Alors que nos deux groupes ont en moyenne un niveau d’éducation semblable (2.1 ± 0.8), le score moyen de la Mattis des patients MP est significativement plus bas que celui des sujets C (MP : 132.7 ± 6.5 ; C : 139.5 ± 4.0), révélant en moyenne une atteinte cognitive légère. Parmi les autres tests cognitifs, seuls le BP3 et la fluence « Animaux » révèlent des différences

significatives.

Les patients MP ont expérimenté le SV plus longtemps que les sujets C (MP : 11.2 ± 5.3 ; C : 6.9 ± 1.7 ; p=0.018) et pourtant, les performances des patients MP, enregistrées dans le SV, sont dans leur ensemble significativement inférieures à celles des sujets C, comme nous le verrons dans l’analyse des données ci-dessous.

5.7.1 Connaissance sémantique liée à la tâche

Les patients MP ne diffèrent pas des sujets C dans le nombre de bonnes actions réalisées mais ont toutefois exécuté un nombre de mauvaises actions supérieur, sans que cette différence atteigne un seuil significatif (Tableau 11).

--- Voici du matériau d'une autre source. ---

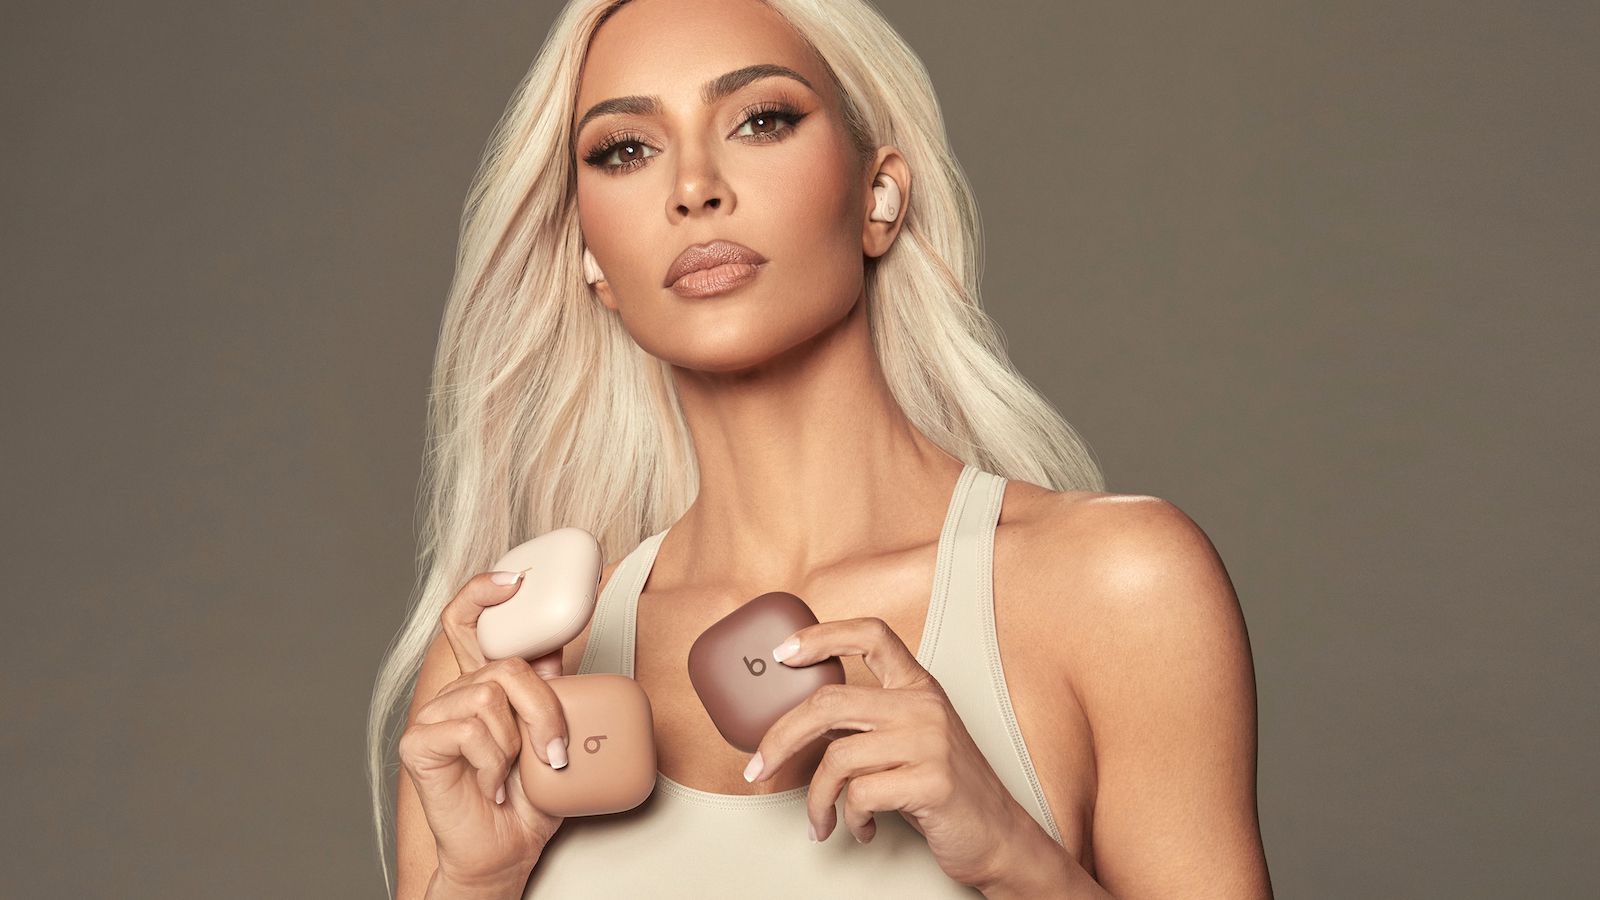 Beats Fit Pro Now Available to Order in Kim Kardashian's New Colors

Le taux de réalisation de la tâche est donc quasiment optimal pour tous (MP : 98.7% ; C : 100%), tandis que le taux d’erreur est légèrement plus élevé chez les patients (MP : 12.1 ± 12.8 ; C : 8.4 ± 7.5), avec une dispersion élevée de ce taux d’erreur.

La connaissance sémantique liée à la tâche ne diffère donc pas de façon significative entre patients MP et sujets C, mais on suppose qu’elle est altérée chez certains patients après l’analyse individuelle de certains patients par rapport aux contrôles (Annexe 8 et Annexe 9). 5.7.2 Vitesse de traitement de l’information

Chez les patients MP, le temps mis pour effectuer le premier achat et le temps mis pour payer sont significativement plus élevés, tandis que leur vitesse de réalisation de la tâche est significativement plus basse (Tableau 11).

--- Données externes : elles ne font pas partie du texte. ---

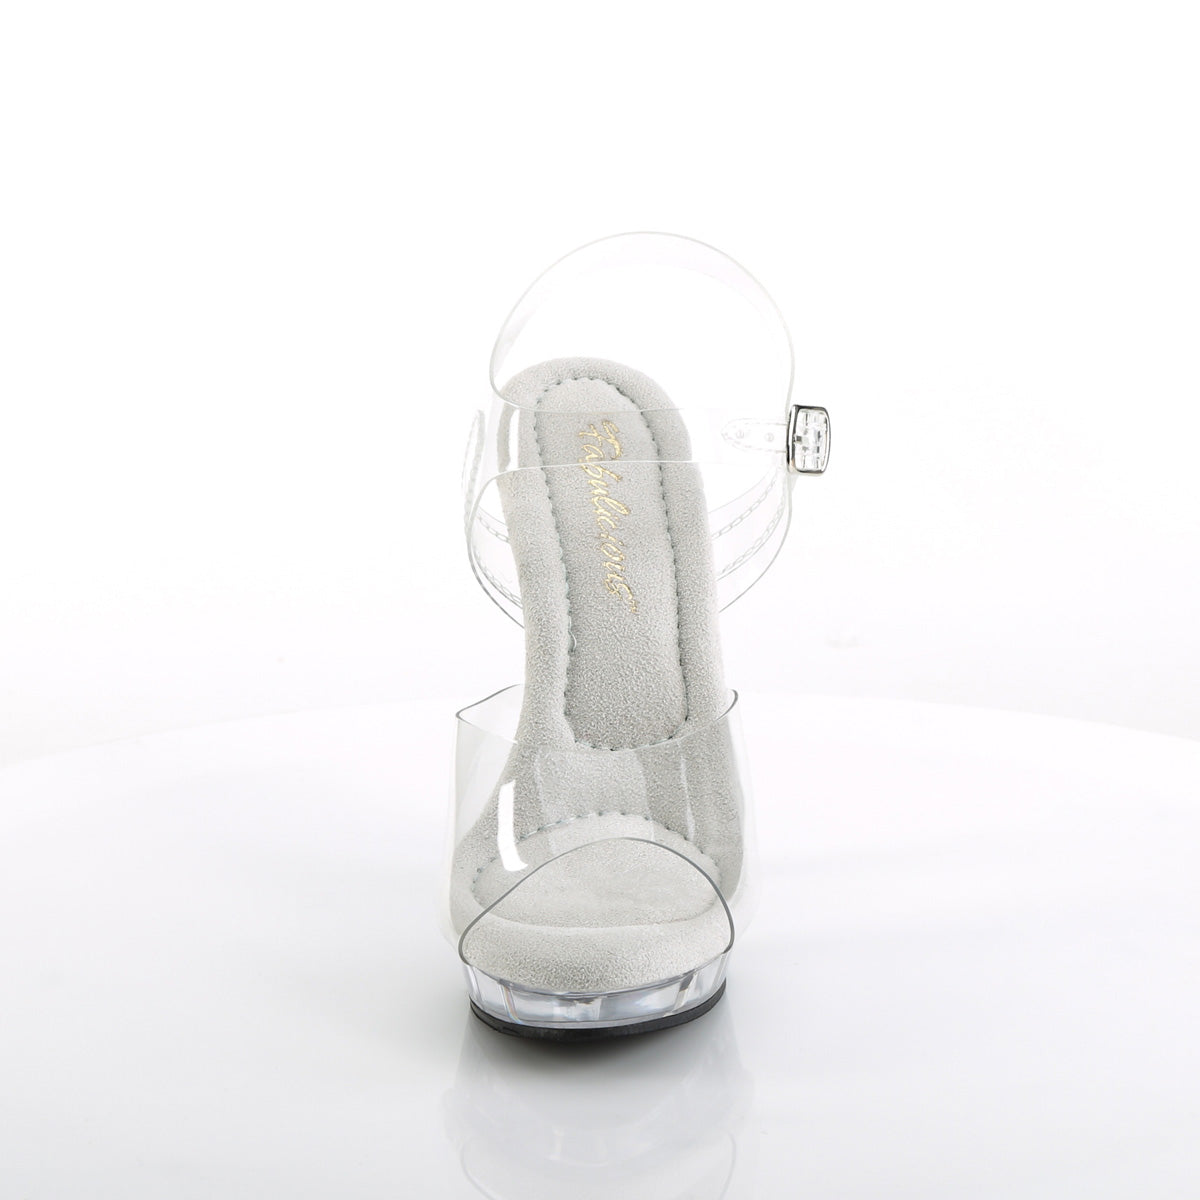 LIP-108 Fabulicious Transparent Clear Shoes [Posing Heels]

A l’apparition du caddie, au début de la séance d’évaluation, les patients MP sont plus lents à se mettre en mouvement que les sujets C, sans que cette différence soit significative.

125 5.7.3 Organisation spatio-temporelle

Les patients MP restent plus longtemps dans le supermarché que les sujets C et y parcourent une distance plus longue, marquée par de nombreux arrêts, toutes ces différences étant significatives (Tableau 11). Leurs trajectoires sont caractérisées par de nombreuses hésitations pour atteindre les objectifs, des mouvements circulaires autour des mêmes étagères, un tracé anguleux (Figure 54). Notre objectif est de quantifier toutes ces informations qui ne sont pour l’instant que visuelles.

Le score de classement catégoriel est plus élevé chez les patients MP que chez les sujets C notamment en raison des performances de deux patients qui ont fait un oubli et d’un autre qui est passé plusieurs fois aux caisses.

Le score de maintien de plan, exprimé par le cumul des angles sur la trajectoire, est significativement plus élevé chez les patients. Il révèle de façon quantitative cette angularité de leurs trajectoires, que nous constatons visuellement.

Le score d’errance, exprimé par le nombre d’intersections de la trajectoire, est significativement plus élevé chez les patients. Il exprime le fait que les patients reviennent beaucoup sur leurs pas, explorent de façon inadéquate les différentes zones.